2020

“Of Origins and Futures” – Kayla Bush

 

How can you love me? How can you love someone who’s more visibly broken than you? You’ve seen me cry so many times, I’ve stopped counting. And I’ve cracked so much under pressure. Because I am just so overwhelmed with the stress. You see, my family tree’s roots are gnarled with anxiety, and contain dots of the chemical imbalance of depression. For so long, I was safe from the leaves, until they started to catch up to me, perpetuated by the paycheck to paycheck, my mother’s outbursts, my father’s cynicism, my sister’s melancholy, and the feeling of feeling trapped in a neverending cycle of the same fucking mistakes. Escaping is so hard when all I can focus on is how I am going to manage to do everything. I am working as many jobs as I can to support my education. I place too many standards on myself to be better, and they end up weighing me down, especially when I disappoint myself.
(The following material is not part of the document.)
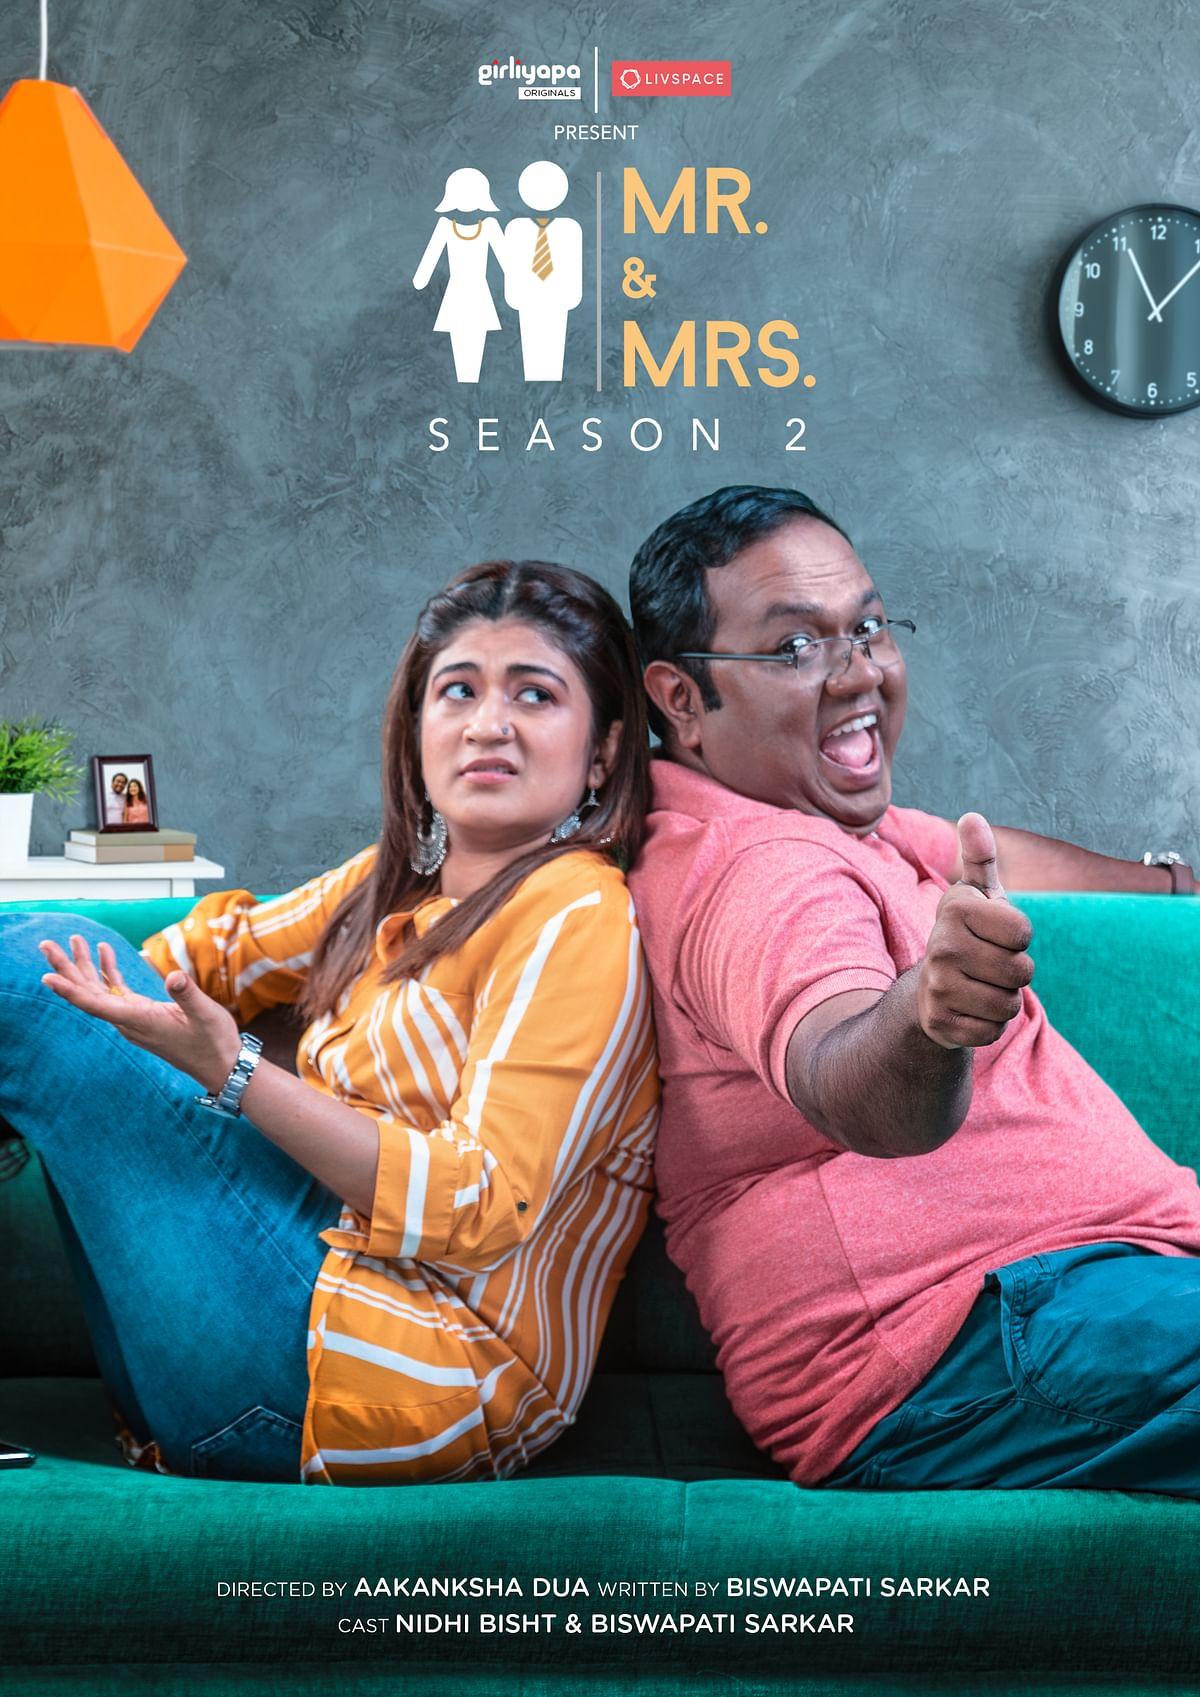 Livspace partners with Girliyapa's Mr. & Mrs. Season 2

And when my veins are only fueled by coffee and the bags under my eyes are covered by concealer, I am at my worst: self-inflicted anxiety I can’t get out of because my parents have been drowning for years in the negation of the American Dream. So I break down, snapping off of my family tree, my own island. But even islands are not completely separate from their mother archipelago. And I feel the worst when I feel like I am only leaning on you. When I take everything that has come crumbling down and throw it in your undeserving face. I hate myself the most in those moments. But you don’t blame me for my feelings. You tell me to breathe. You tell me that it’s almost over. I will become a sovereign state in two years. You understand why I react the way I do. But nevertheless, it doesn’t change the fact that I have hurt you. I can’t tell you I’m sorry because I’ve already told you that a million times over. But I can tell you that I’m trying to be better. I can tell you that I have been turning to people who can help me glue the cracks. And you tell me that you can see me for who I am. You know that I am more than my family tree. You instead fuse your branches with mine, giving me some of your strength so I no longer feel like my own worst enemy.

 

Kayla Bush is a sophomore creative writing and publishing/editing double major. She serves as the secretary for SU Slam alongside many other roles on campus. Her passions include coffee, showing up to work and exec meetings with cereal, updating her plantstagram, and purchasing as many Button Poetry books as she can.